V =视频["http://exampledata.wolfram.com/cars.avi"];

segment[img_] := Block[{net, encData, dec, mean, var, prob}, net = NetModel["Dilated ResNet-38 Trained on Cityscapes Data"]; encData = Normal@NetExtract[net, "input_0"]; dec = NetExtract[net, "Output"]; {mean, var} = Lookup[encData, {"MeanImage", "VarianceImage"}]; Colorize@ NetReplacePart[ net, {"input_0" -> NetEncoder[{"Image", ImageDimensions@img, "MeanImage" -> mean, "VarianceImage" -> var}], "Output" -> dec}][img]]
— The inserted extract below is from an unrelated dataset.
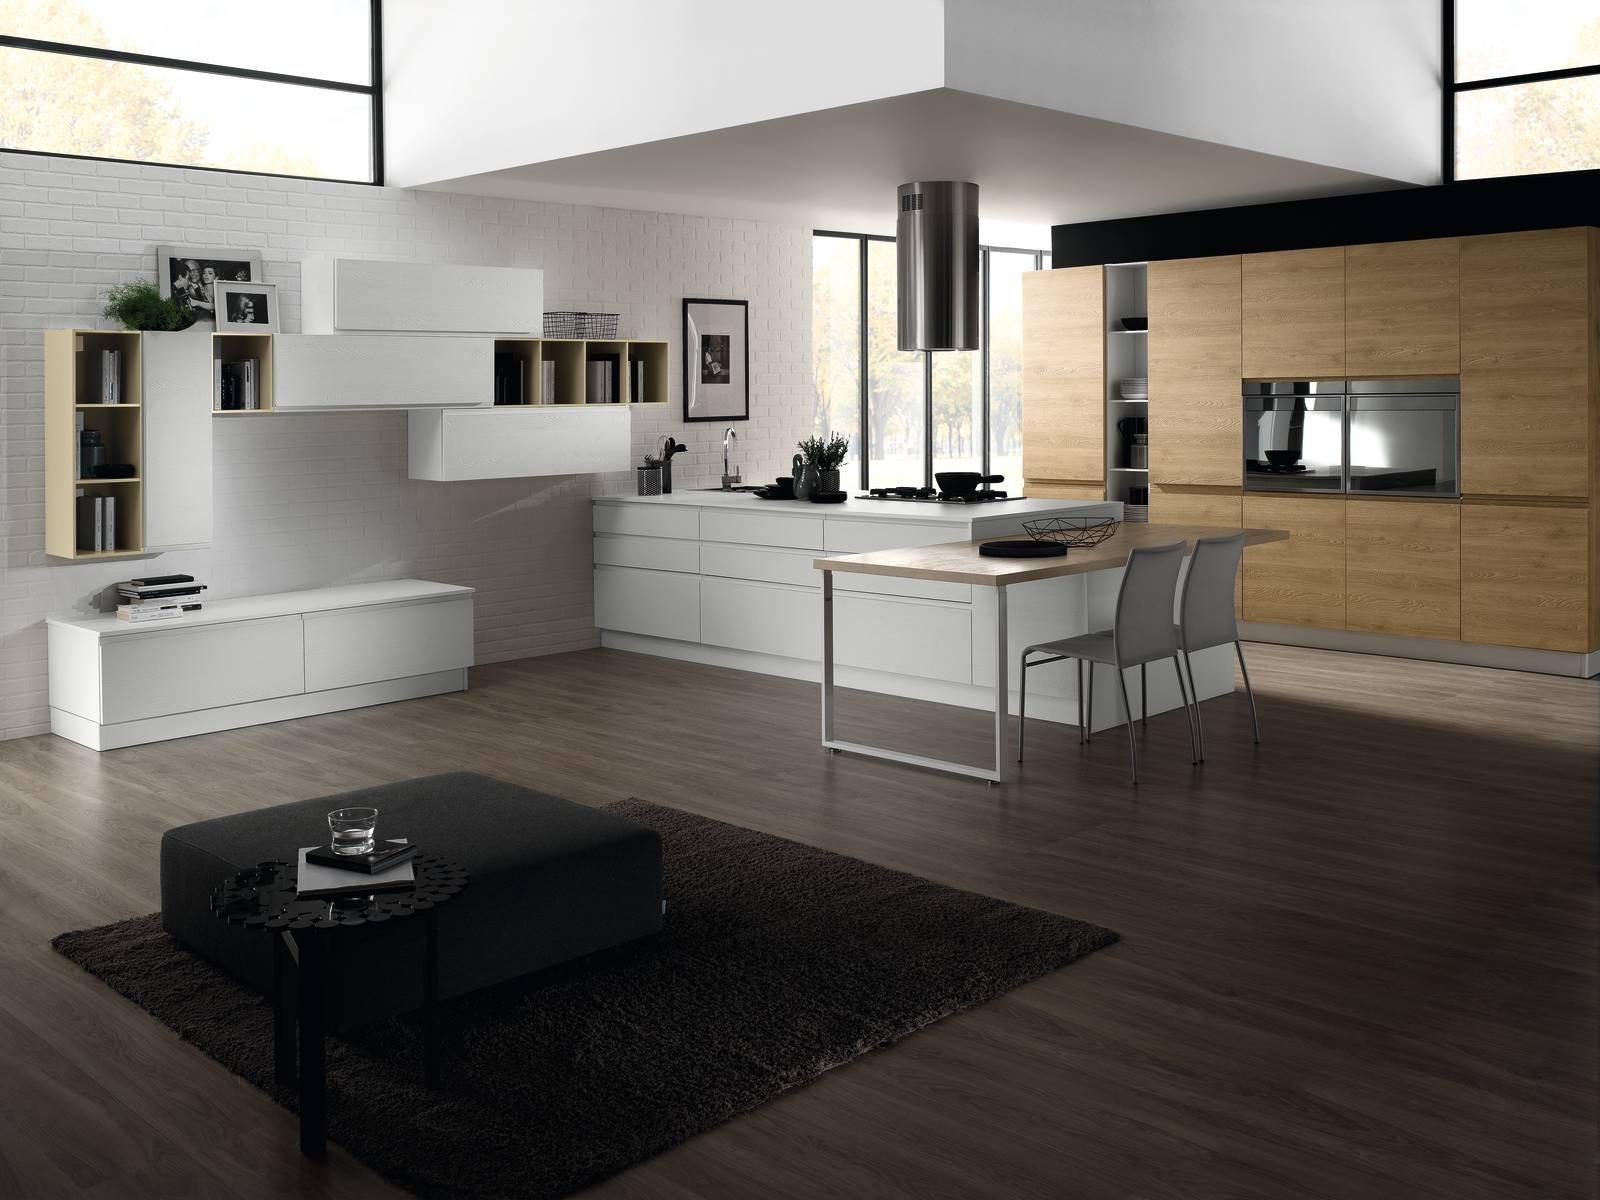 Cucina open space con isola open space con cucina ad isola foto stock rendering arredamento - Cucina open space con isola ...
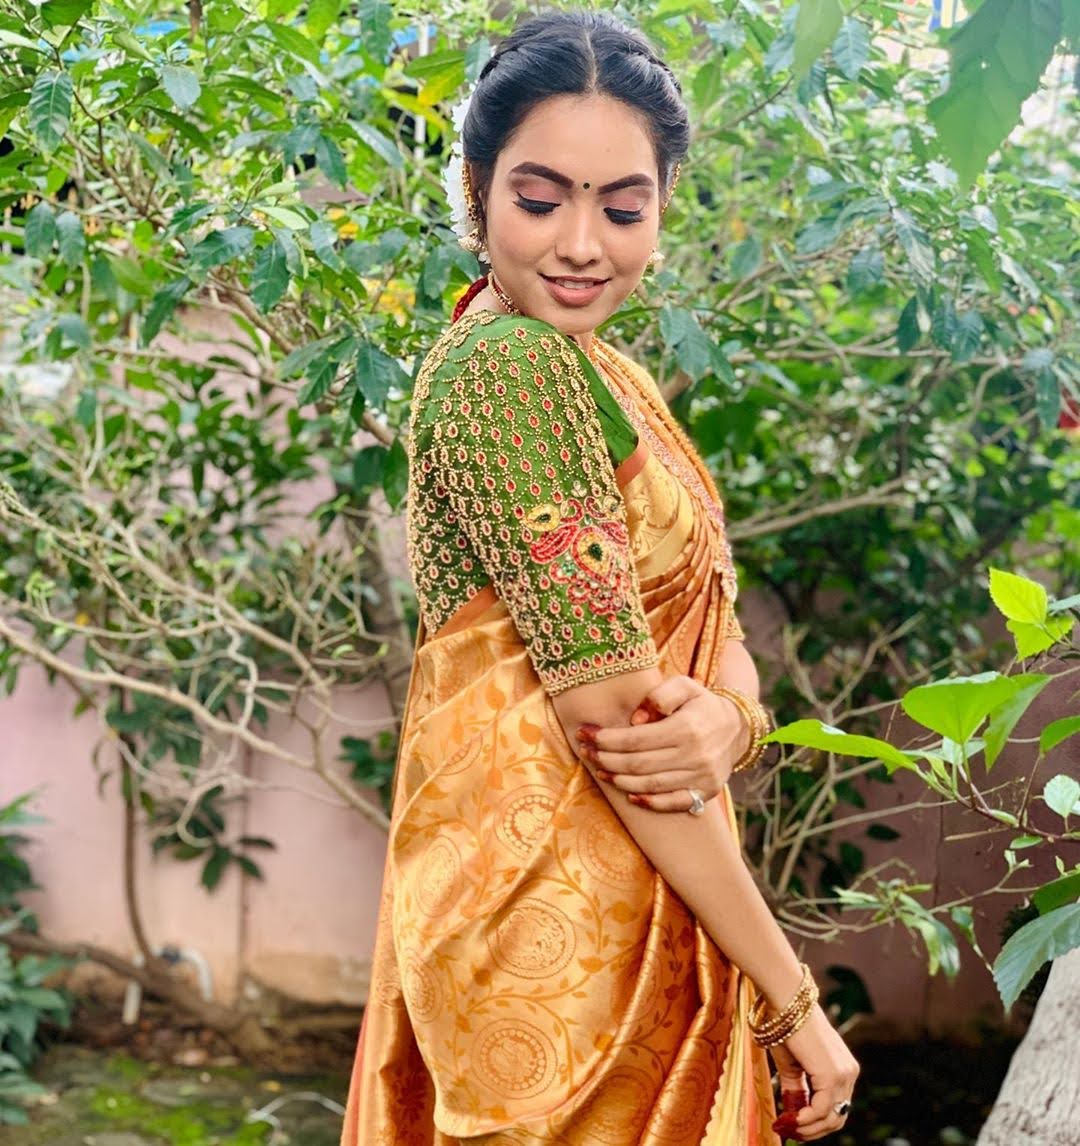 pavithra-janani-64735

VideoFrameList[VideoFrameMap[segment, v], 3]

Next is a video stabilization example, which is a vastly simplified version of this Version 12.0product example. The input video is another pick frompixabay:

V =视频

V =视频[ “soap_bubble.mp4”]

Here is the mask over the ground to make sure the shaking soap bubble movement does not affect our stabilization algorithm:

mask = CloudGet

mask = CloudGet["https://wolfr.am/Mt580rl0"];


f = Identity;

f = Identity; VideoFrameMap[ Module[{tmp}, tmp = Last@ FindGeometricTransform[##, TransformationClass -> "Rigid"] & @@ ImageCorrespondingPoints[Sequence @@ #, Sequence[ MaxFeatures -> 25, Method -> "ORB", Masking -> mask]]; f = Composition[tmp, f]; ImagePerspectiveTransformation[#[[2]], f, Sequence[ DataRange -> Full, Padding -> "Fixed"]]] &, v, Quantity[2, "Frames"], Quantity[1, "Frames"]];

From Manipulate to Video


This is a操纵来自Wolfram Demonstrations Project:

米= ResourceData [“演示项目:日夜世界时钟”]

And a video generated from it:



A video can also be generated from a操纵and aSoundorAudioobject:


出口["file.mp4", {"Animation" -> m, "Audio" -> ExampleData[{"Audio", "PianoScale"}]}, "Rules"] // Video


The Wolfram Language by default uses the operating system as well as a limited version ofFFmpegfor decoding and encoding a large number of multimedia containers and codecs.$VideoEncoders,$VideoDecoders,$AudioEncoders等列表支持的编码器和解码器。

Codec support can be expanded even further by installing FFmpeg (Version 4.0.0 or higher). This is the number of decoders and the list of MP4 video decoders on macOS with FFmpeg installed:

Length /@ $VideoDecoders

Length /@ $VideoDecoders

$VideoDecoders["MP4"][[All, 1]]

More to Come

在Wolfram语言视频的计算只在起步阶段。manbet万博app这里展出的新功能,只是一个已经强大的集合的一部分video basics, and we are actively designing and developing updates to existing functions and additional capabilities for future versions, with machine learning and neural net integration at the top of the list. Let us know what you think in the comments—bugs, suggestions and feature requests are always welcome.